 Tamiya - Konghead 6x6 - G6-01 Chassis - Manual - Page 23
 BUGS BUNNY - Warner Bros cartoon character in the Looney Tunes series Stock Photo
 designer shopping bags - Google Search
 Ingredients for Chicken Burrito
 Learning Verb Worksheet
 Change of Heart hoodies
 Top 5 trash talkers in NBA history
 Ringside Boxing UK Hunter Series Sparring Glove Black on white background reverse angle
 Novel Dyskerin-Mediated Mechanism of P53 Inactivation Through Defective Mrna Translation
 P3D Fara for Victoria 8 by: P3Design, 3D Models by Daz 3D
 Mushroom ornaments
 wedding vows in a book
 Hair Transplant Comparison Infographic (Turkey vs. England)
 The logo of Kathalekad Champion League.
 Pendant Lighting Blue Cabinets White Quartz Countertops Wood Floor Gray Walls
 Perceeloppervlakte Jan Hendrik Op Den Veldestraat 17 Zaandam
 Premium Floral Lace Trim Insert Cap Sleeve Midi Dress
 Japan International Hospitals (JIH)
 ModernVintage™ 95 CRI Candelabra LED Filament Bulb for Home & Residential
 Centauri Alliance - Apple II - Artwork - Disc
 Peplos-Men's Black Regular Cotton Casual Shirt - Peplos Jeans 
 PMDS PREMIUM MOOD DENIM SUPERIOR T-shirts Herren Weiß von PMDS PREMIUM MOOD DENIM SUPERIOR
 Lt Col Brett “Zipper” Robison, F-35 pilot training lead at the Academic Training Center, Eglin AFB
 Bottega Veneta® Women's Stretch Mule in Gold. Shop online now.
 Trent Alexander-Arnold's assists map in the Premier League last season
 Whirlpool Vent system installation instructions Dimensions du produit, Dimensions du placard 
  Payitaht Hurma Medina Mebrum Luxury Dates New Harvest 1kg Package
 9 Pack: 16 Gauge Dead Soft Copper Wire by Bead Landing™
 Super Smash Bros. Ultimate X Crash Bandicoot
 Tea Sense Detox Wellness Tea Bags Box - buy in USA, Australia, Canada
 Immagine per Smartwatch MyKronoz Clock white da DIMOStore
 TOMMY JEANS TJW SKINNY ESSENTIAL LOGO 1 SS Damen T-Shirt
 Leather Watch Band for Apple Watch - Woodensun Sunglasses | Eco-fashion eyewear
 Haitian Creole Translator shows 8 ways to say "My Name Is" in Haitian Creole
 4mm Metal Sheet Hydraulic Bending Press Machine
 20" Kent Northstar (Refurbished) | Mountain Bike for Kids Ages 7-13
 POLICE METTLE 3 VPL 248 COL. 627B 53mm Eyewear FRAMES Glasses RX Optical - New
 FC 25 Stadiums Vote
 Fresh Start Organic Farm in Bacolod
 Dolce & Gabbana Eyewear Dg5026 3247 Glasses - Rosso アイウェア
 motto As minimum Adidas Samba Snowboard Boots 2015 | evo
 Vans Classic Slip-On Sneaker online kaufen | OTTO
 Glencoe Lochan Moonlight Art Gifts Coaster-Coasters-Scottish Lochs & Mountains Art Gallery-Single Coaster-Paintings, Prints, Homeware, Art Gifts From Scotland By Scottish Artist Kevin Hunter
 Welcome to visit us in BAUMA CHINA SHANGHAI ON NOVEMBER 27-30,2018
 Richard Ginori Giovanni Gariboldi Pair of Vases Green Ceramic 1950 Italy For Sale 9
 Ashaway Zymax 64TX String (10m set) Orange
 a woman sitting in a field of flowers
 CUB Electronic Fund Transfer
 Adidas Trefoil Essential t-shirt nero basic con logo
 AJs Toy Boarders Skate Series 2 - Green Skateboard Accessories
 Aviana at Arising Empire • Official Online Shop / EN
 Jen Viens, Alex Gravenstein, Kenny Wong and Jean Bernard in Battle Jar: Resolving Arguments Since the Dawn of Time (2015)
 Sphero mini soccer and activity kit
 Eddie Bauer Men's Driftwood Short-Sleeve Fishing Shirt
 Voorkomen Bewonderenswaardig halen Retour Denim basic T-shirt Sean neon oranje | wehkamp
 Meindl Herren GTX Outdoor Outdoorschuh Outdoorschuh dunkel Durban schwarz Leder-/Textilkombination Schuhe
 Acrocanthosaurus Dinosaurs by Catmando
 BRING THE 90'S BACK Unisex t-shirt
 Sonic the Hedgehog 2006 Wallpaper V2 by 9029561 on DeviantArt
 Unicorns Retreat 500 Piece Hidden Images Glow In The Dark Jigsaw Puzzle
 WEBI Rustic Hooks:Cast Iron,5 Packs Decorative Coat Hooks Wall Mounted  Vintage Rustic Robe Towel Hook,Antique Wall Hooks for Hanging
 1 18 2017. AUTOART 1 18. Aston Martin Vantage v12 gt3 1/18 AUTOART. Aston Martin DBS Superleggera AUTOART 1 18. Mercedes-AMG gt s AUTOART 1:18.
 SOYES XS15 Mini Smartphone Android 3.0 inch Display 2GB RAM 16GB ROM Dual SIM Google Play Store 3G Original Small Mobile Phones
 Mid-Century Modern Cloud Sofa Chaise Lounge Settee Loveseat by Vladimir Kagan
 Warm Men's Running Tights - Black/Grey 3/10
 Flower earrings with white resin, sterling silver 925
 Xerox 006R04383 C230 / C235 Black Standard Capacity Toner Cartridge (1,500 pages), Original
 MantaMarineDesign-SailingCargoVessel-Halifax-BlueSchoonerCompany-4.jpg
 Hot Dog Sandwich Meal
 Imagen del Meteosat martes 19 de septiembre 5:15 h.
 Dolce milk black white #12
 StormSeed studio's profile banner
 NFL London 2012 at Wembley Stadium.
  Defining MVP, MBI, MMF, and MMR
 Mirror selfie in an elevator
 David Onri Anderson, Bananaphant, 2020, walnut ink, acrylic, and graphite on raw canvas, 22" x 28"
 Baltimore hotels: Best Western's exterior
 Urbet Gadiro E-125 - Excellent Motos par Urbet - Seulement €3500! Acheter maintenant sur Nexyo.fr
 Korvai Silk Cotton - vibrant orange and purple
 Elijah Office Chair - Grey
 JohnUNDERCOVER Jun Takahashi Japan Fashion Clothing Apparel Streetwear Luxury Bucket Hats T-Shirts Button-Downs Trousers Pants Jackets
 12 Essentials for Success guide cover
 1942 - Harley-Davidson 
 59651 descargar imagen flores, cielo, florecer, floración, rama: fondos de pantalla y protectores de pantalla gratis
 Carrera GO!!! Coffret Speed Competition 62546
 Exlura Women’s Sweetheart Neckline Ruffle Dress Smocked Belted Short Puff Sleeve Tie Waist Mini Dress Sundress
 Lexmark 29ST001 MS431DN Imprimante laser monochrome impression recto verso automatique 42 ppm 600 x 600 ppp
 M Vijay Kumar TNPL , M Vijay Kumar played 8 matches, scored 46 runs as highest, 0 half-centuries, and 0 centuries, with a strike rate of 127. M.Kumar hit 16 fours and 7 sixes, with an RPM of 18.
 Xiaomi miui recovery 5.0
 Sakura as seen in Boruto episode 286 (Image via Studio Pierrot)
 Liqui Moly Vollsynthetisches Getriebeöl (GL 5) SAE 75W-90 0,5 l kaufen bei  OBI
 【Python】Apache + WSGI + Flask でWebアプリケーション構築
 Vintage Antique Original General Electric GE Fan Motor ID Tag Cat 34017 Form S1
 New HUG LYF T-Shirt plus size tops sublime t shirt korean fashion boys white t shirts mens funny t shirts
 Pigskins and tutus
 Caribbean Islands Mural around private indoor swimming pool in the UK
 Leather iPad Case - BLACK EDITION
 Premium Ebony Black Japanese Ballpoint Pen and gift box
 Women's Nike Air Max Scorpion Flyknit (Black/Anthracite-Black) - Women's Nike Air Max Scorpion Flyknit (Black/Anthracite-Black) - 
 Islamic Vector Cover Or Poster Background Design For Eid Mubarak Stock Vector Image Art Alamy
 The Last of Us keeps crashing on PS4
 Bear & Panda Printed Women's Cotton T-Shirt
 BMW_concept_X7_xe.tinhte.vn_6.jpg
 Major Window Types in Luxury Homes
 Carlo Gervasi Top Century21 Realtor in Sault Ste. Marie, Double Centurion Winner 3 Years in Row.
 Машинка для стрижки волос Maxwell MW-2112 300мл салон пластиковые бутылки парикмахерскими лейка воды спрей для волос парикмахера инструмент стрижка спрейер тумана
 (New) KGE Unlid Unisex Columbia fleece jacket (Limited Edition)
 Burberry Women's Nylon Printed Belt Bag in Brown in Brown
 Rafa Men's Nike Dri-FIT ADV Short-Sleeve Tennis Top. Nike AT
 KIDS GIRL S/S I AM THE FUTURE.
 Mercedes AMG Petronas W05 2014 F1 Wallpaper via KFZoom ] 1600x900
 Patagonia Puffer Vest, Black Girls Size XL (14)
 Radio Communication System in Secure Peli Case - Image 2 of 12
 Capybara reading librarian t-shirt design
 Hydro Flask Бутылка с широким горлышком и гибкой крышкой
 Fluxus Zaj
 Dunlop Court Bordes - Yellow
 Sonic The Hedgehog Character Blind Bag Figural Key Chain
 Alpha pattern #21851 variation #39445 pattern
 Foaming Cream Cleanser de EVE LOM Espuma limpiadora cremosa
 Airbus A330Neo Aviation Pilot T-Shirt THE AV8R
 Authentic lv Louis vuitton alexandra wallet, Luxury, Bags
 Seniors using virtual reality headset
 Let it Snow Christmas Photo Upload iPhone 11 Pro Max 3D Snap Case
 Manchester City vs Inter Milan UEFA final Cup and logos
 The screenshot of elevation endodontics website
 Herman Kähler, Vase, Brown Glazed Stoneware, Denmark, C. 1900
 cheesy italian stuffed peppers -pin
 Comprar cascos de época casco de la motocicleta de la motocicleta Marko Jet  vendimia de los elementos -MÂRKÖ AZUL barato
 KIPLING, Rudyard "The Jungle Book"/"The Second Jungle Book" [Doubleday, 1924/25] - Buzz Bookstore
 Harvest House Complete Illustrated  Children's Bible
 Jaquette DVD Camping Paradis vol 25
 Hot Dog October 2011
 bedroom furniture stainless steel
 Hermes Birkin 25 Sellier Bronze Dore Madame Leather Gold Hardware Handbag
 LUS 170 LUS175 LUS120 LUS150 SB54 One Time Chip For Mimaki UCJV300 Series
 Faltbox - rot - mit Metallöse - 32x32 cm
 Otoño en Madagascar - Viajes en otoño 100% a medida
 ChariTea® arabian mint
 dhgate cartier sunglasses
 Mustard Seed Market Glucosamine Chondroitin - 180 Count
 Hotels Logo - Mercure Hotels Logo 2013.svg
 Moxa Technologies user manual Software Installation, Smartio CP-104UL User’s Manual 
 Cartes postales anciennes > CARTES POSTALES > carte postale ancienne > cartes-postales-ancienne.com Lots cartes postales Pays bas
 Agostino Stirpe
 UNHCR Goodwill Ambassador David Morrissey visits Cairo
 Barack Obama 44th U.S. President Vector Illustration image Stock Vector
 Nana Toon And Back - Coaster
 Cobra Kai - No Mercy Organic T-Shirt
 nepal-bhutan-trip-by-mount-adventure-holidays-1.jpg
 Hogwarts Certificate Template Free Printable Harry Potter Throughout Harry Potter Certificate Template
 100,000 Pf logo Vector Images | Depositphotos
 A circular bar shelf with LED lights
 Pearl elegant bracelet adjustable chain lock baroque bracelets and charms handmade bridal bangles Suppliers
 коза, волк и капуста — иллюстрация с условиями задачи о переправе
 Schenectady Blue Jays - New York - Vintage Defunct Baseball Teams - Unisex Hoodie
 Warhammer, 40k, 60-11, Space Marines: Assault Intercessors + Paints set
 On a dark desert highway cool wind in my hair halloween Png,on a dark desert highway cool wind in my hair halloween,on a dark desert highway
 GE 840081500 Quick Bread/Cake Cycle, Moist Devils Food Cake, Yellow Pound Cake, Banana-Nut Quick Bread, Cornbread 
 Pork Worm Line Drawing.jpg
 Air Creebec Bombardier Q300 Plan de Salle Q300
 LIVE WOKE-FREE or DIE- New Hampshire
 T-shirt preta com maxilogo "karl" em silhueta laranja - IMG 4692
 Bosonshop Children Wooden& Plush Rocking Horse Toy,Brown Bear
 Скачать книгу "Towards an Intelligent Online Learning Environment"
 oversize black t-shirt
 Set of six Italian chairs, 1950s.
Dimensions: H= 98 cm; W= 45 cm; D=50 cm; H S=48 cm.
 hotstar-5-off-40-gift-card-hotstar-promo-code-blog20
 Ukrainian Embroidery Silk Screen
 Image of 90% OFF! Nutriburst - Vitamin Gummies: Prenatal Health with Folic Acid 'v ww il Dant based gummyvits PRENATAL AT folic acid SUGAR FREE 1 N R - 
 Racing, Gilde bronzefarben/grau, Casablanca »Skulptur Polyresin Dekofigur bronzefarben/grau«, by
============================================================
Wherever a line above contains the string "Leather", copy that line.

■ ANSWER TO THIS PROBLEM ■
 Leather Watch Band for Apple Watch - Woodensun Sunglasses | Eco-fashion eyewear
 Leather iPad Case - BLACK EDITION
 Hermes Birkin 25 Sellier Bronze Dore Madame Leather Gold Hardware Handbag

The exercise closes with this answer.